Statistical Analysis
All values were expressed as the means ± standard deviation. Statistical analyses were performed with Student’s test using SPSS software, and P < 0.05 was considered significant.
Results
Expression, Purification, and Activity of Recombinant CypA
Under our optimized induction conditions, 40% of the protein could be recovered in the soluble form (Fig. 1a). The purity of the protein reached above 95% by SDS-PAGE analysis (Fig. 1b). Western-blot results indicated that the rabbit anti-CypA polyclonal antibody bound specifically to the expressed CypA protein (Fig. 1c). The LPS level in the CypA preparation was lower than 5 EU/ml, which was quantified by a limulus amoebocyte lysate assay.
Expression, purification, and characterization of recombinant CypA. a SDS-PAGE analysis of the recombinant CypA. Lane 1 protein marker, lanes 2–3 total lysates of JM109 (DE3) bacteria culture transformed with pET32a+ vector before and after induction with IPTG, respectively, lane 4 total lysates of JM109 (DE3) culture transformed with pET32a+–CypA before induction with IPTG, lanes 5–7 total lysates of three JM109 (DE3) clone cultures transformed with pET32a+–CypA induced with IPTG, lanes 8–9 the soluble supernatants and the denatured supernatants. b Purification of recombinant protein by Ni–NTA chromatography. The eluted protein was analyzed by SDS-PAGE. Lane 1 protein marker, lanes 2–4 total lysates of JM109 (DE3) culture, lane 5 the soluble supernatants of the crude extract containing IPTG-induced recombinant cyclophilin A, lanes 6–7 flow-through from the Ni–NTA column, lane 8 the elution buffer containing purified protein. c Western-blot assay. Lanes 1–2 were the SDS-PAGE results of protein marker and purified CypA respectively, lane 3 was the Western-blot results detected by rabbit anti-CypA polyclonal antibody
Migration of THP-1 Cells in Response to CypA
The response of THP-1 cells to CypA was dose-dependent and exhibited a typical bell-shaped curve. The chemotactic cell number was 36.33 ± 4.04 in the control group without CypA stimulation. The optimum chemotaxis dose of CypA was 200 ng/ml and the chemotactic index (423 ± 32% control, P < 0.05) was higher than that in the FMLP positive control group (263 ± 28% control, P < 0.05; Fig. 2).

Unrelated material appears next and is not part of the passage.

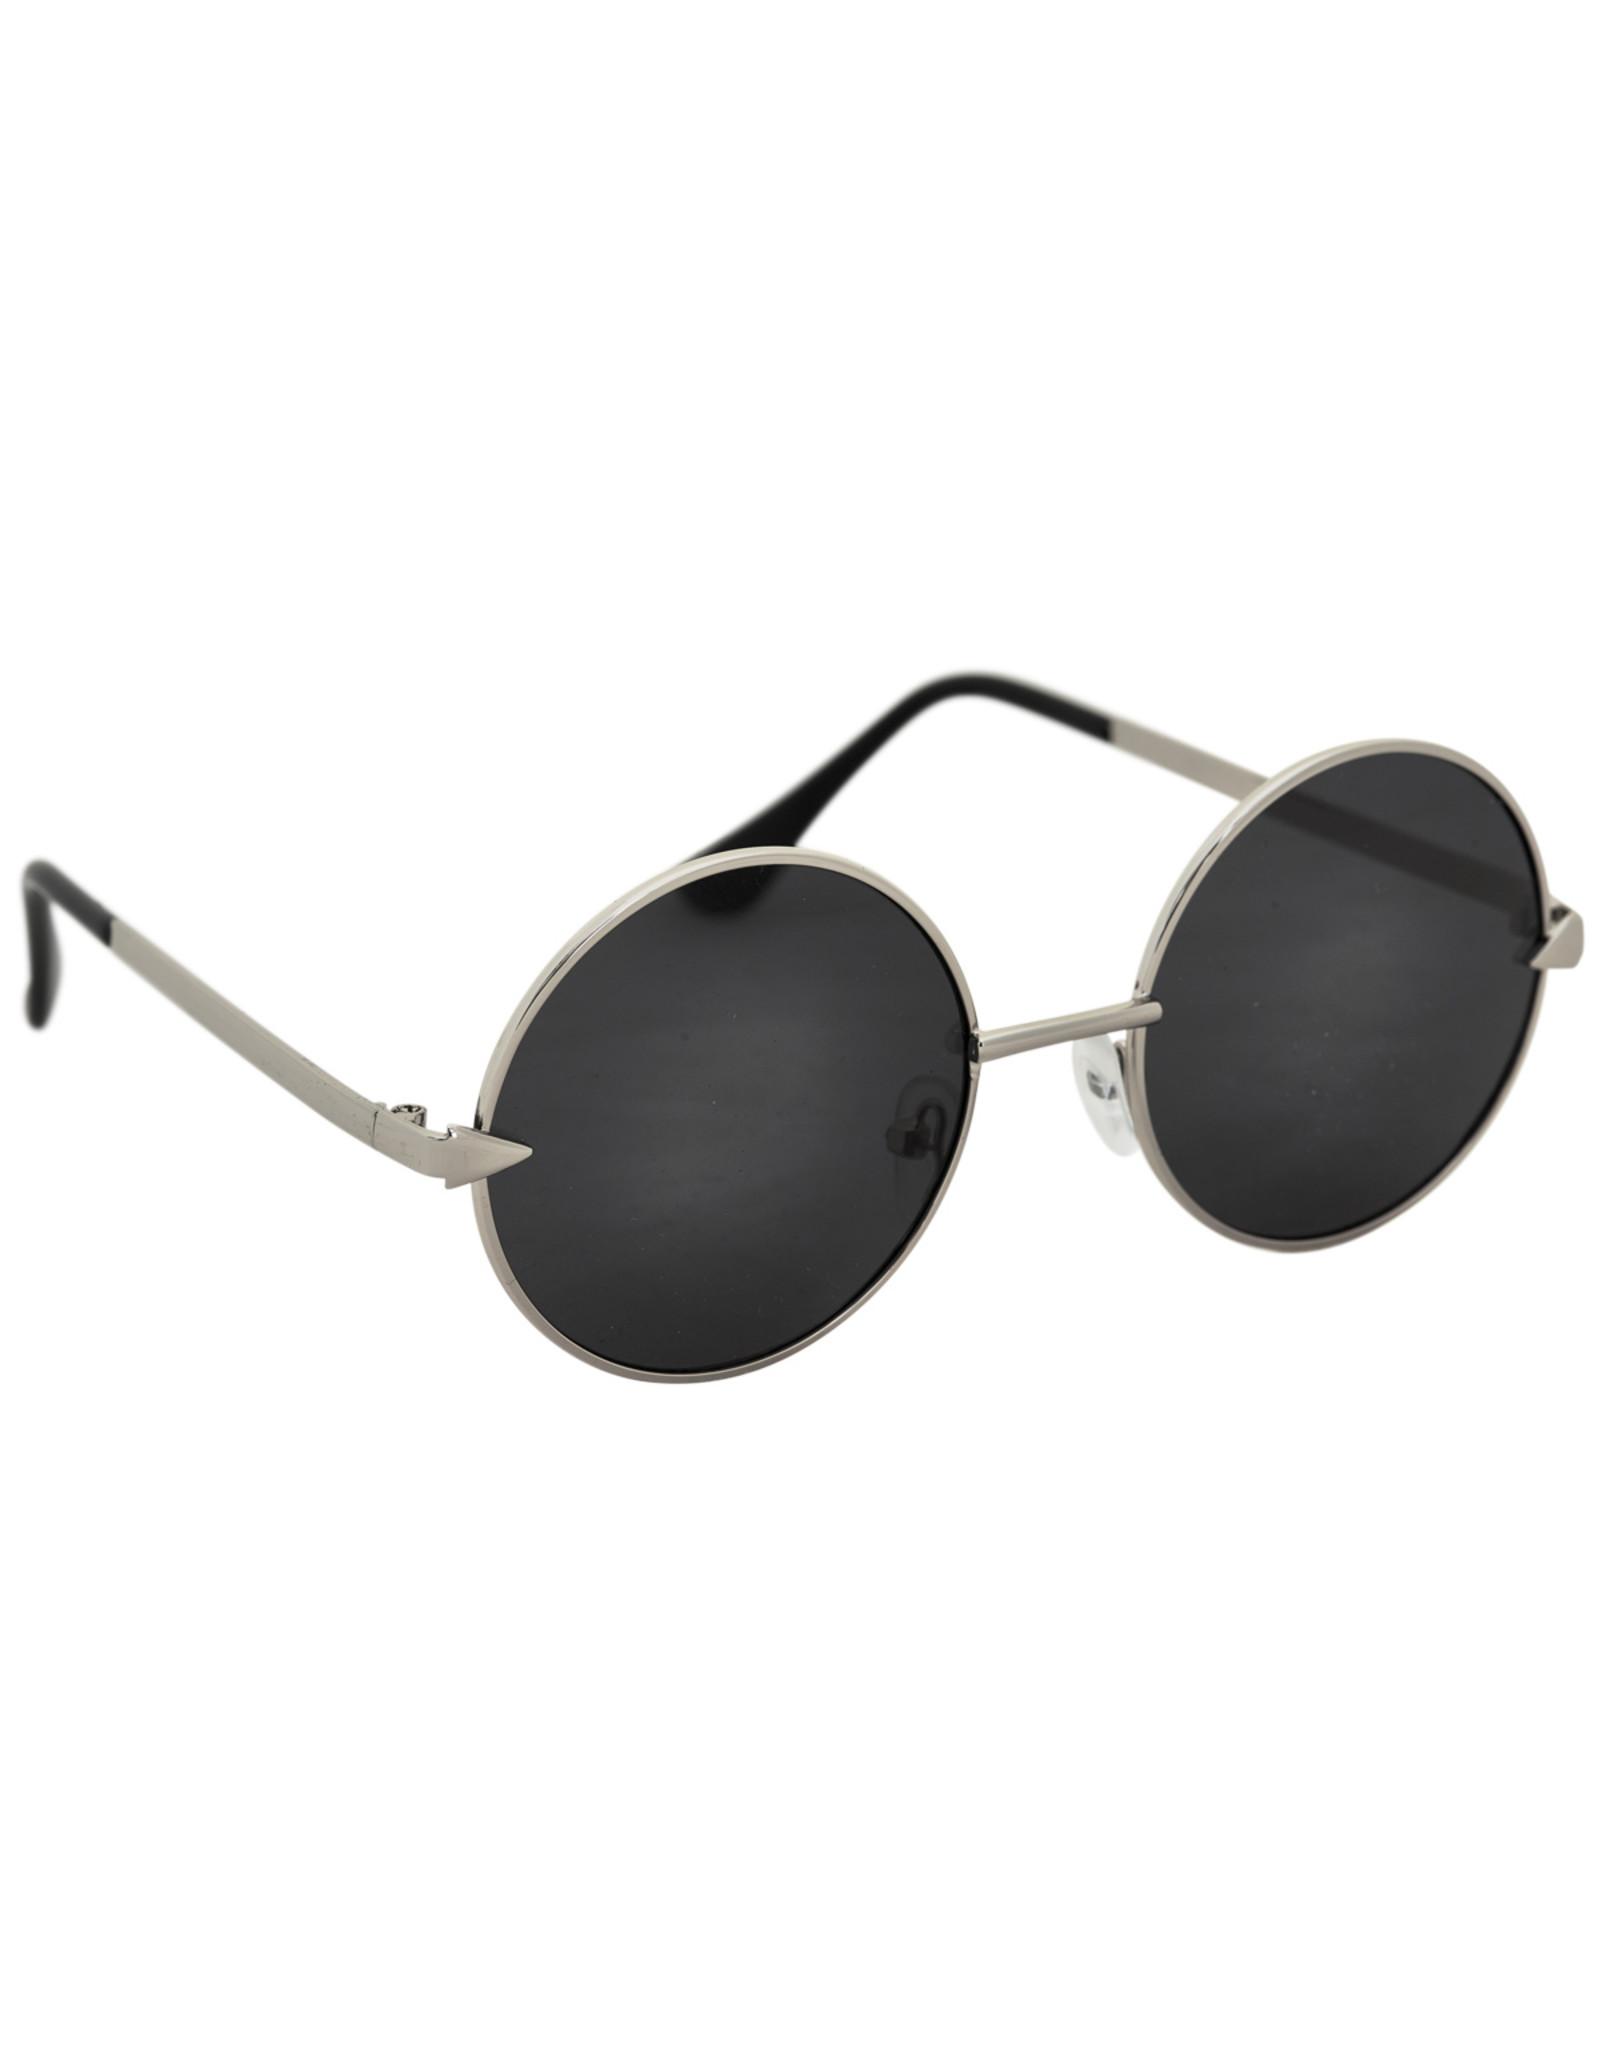 Creamie Creamie Sunglasses Black

The chemotaxis of CypA for THP-1 cells. The chemotactic cell numbers increased significantly when CypA was added in different dilutions. Graphs show mean (±SD) chemotactic cell numbers for each group, and n = 3 wells per group. Significant differences (*P < 0.05; **P < 0.01) compared to control group are indicated. C not treated, negative control; FMLP n-Formyl-Met-Leu-Phe, positive control
MMPs Expression of THP-1 Cells with CypA Stimulation
The gel zymography results showed that MMP-9 and MMP-2 secretion increased significantly in THP-1 cells under CypA stimulation (P < 0.05) and the optimum dose of CypA was 100 ng/ml (Fig. 3). The density of MMP-9 in the CypA stimulation (10, 100, 200, 500, and 1,000 ng/ml) groups increased significantly by 28 ± 6%, 149 ± 13%, 138 ± 14%, 114 ± 16%, and 86 ± 5%, compared respectively with that in the blank control group (P < 0.05). The density of MMP-2 in CypA (100, 200, 500, and 1,000 ng/ml) groups increased respectively by 80 ± 12%, 47 ± 3%, 43 ± 7%, and 12 ± 28% (P < 0.05). However, no significant difference was found in the density of MMP-2 between CypA group (10 ng/ml) and the blank control group (Fig. 3). CypA-induced MMPs production was not influenced by PMB while PMB effectively blocked LPS-induced MMP-9 and MMP-2 expression (Fig. 4).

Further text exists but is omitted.